I'm sure many at this point, have started wondering about what kinds of problems biased samples might create for us. It is important to keep in mind what kind of sample of people you get to participate in the experiment or fill out your form, since this influences how confident you are allowed to be about generalizations. Learning things about very specific kinds of people is useful too. Recall this is hardly a unique problem, you can't really get away from it in the social sciences. WEIRD samples aren't weird in academia. And I didn't say the thousands and tens of thousands people would need to come from our own little corner of the internet, indeed they probably couldn't. There are many approaches to getting them and making the sample as good as we can. Sites like yourmorals.org tried a variety of approaches we could learn from them. Even doing something like hiring people from Amazon Mechanical Turk can work out surprisingly well.

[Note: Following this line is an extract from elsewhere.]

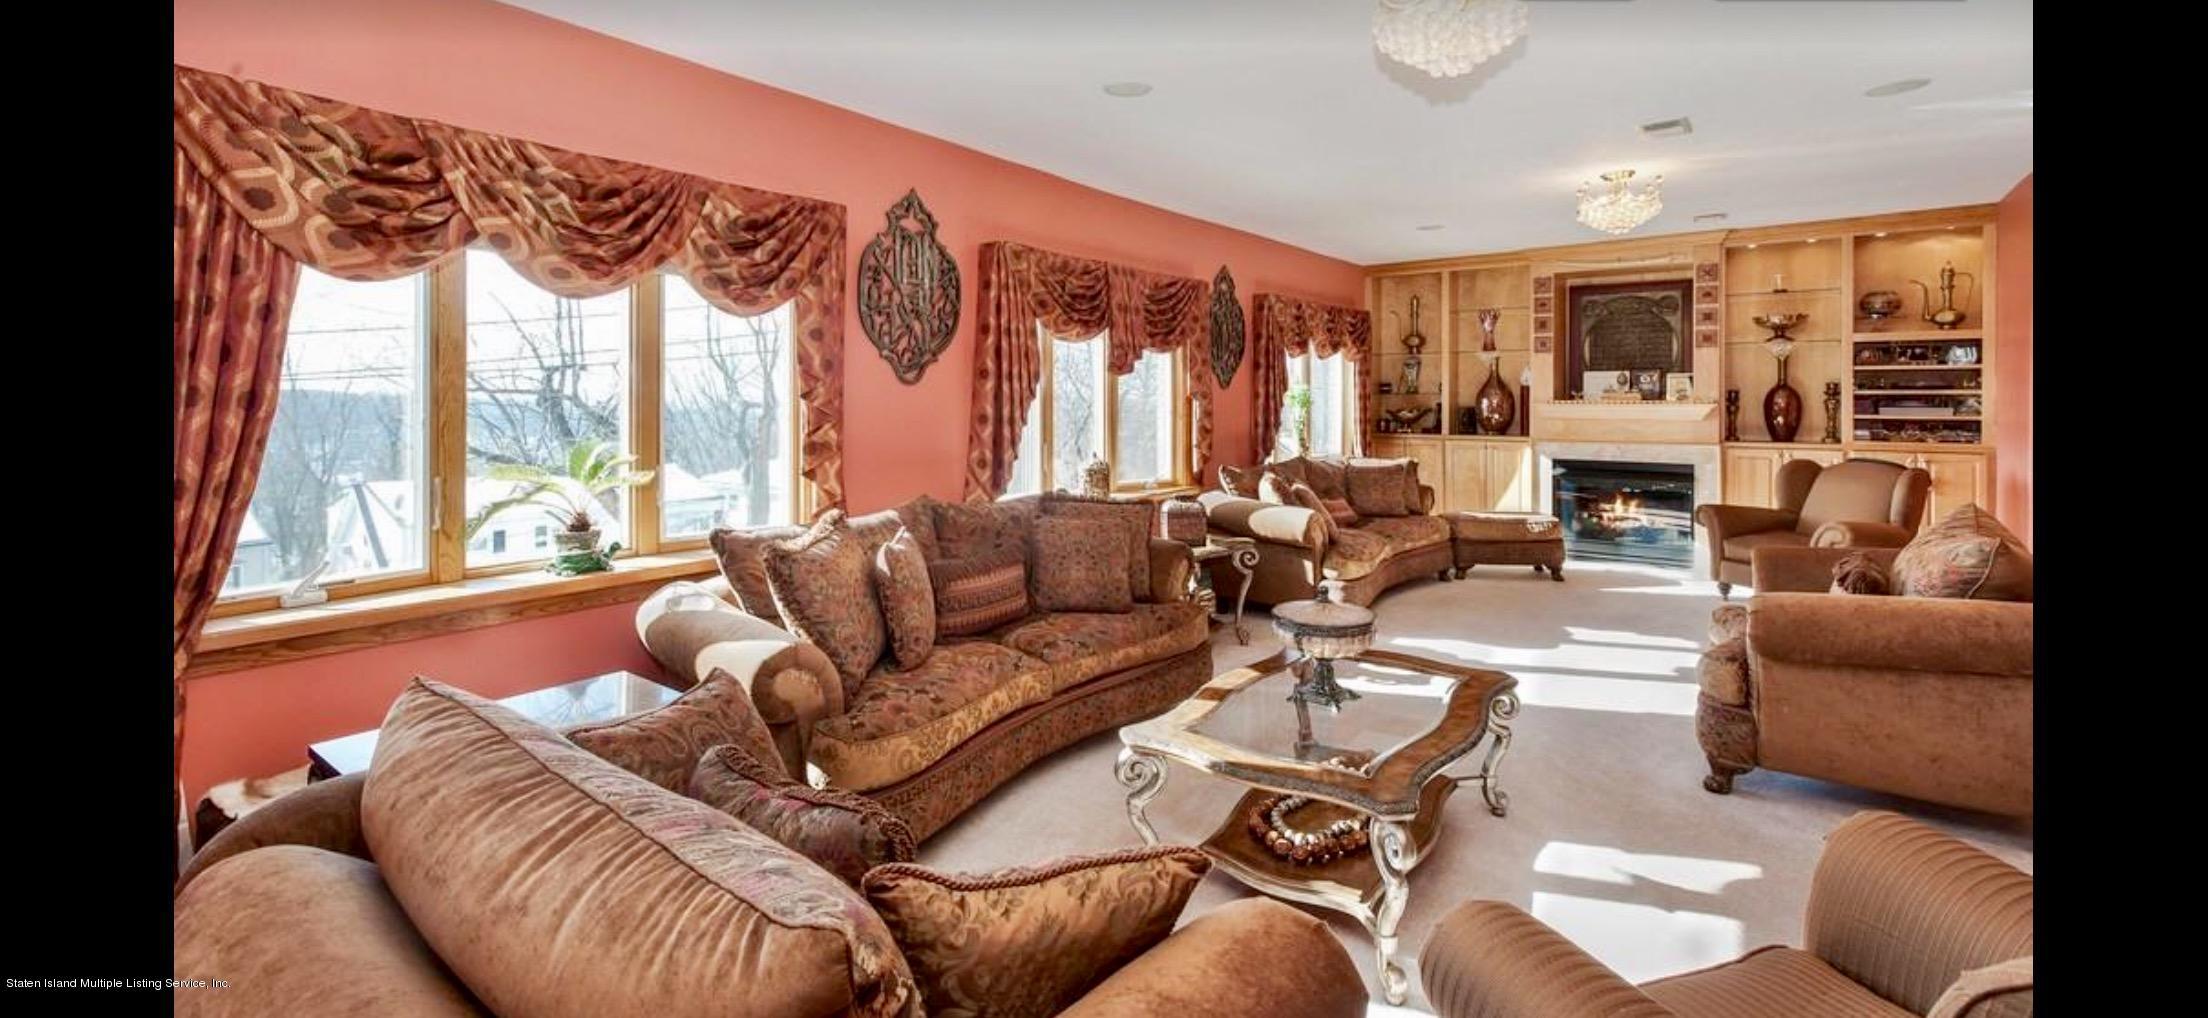 Single Family - Detached 155 Highland Avenue  Staten Island, NY 10301, MLS-1125114-3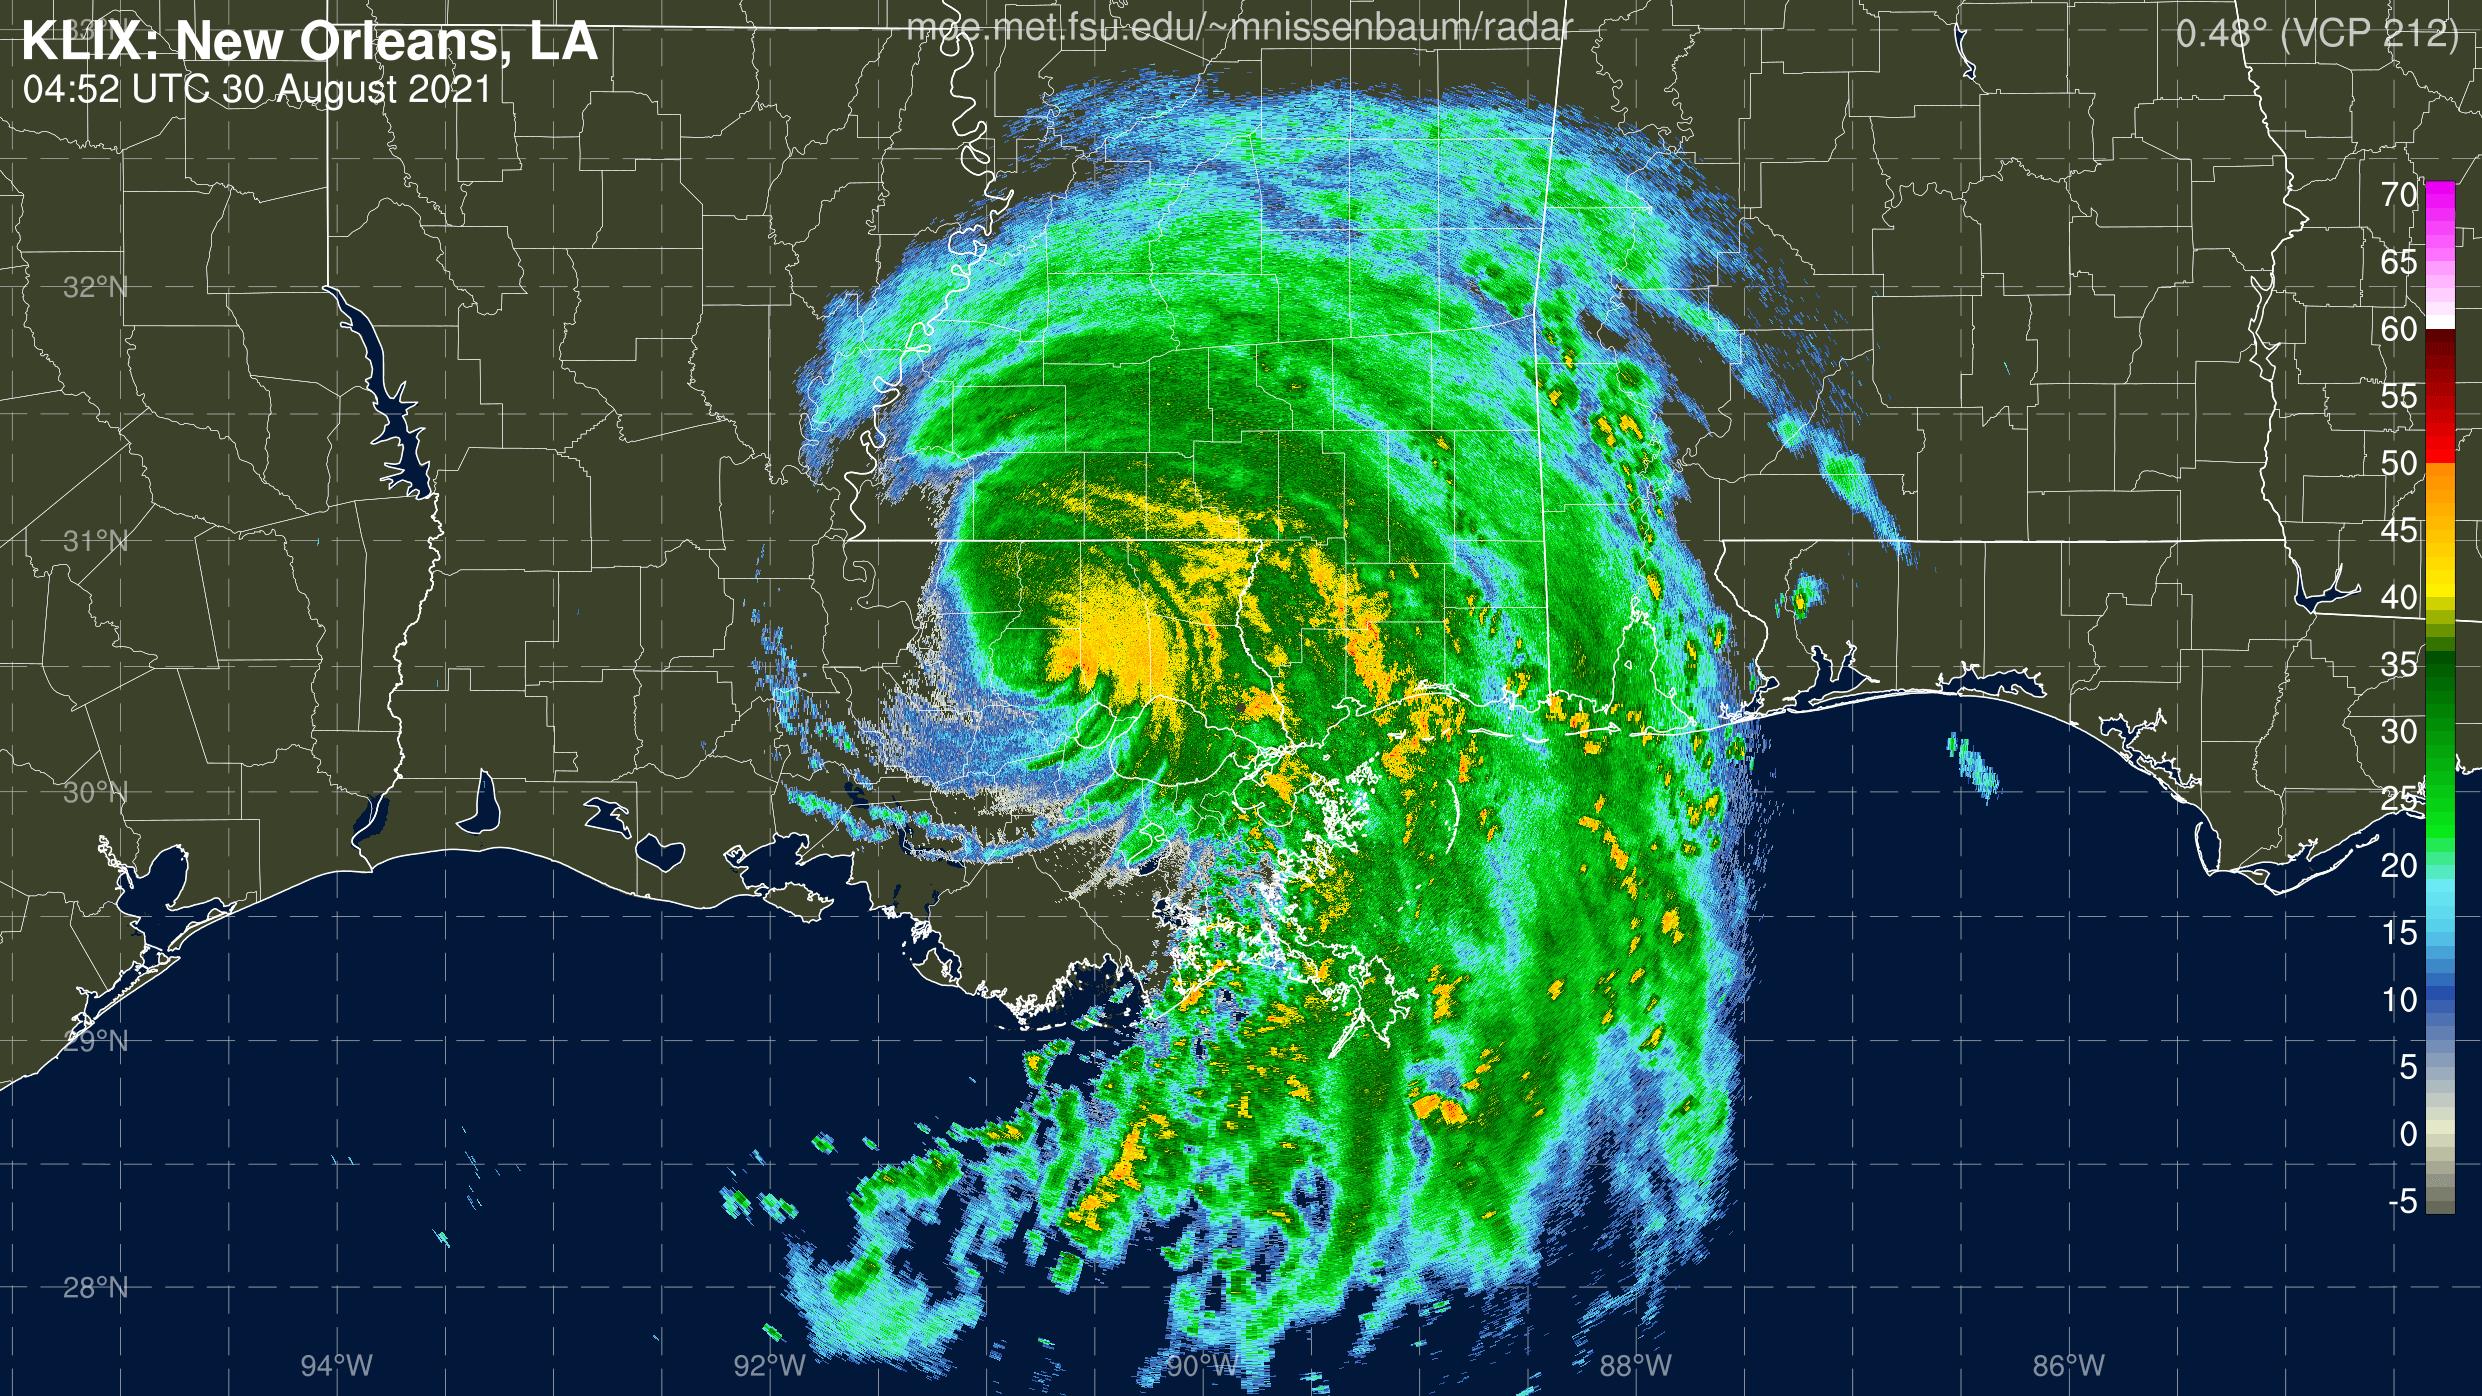 New Orleans Radar Recording From Marc Nissenbaum for Ida (2021)

LessWrong Science: We do what we must because we can
The harder question is if the resulting data would be used at all. As we currently are? I don't think so. There are many publicly available data sets and plenty of opportunities to mine data online, yet we see little if any original analysis based on them here. We either don't have norms encouraging this or we don't have enough people comfortable with statistics doing so. Problems like this aren't immutable. The Neglected Virtue of Scholarship noticeably changed our community in a similarly profound way with positive results. Feeling that more is possible I think it is time for us to move in this direction.
Perhaps just creating a way to get the data will attract the right crowd, the quantified self people are not out of place here. Perhaps LessWrong should become less of a site and more of a blogosphere. I'm not sure how and I think for now the question is a distraction anyway. What clearly can be useful is to create a list of models and ideas we've already assimilated that haven't been really tested or are based on research that still awaits replication. At the very least this will help us be ready to update if relevant future studies show up. But I think that identifying any low hanging fruit and design some experiments or attempts at replication, then going out there and try to perform them can get us so much more. If people have enough pull to get them done inside academia without community help great, if not we should seek alternatives.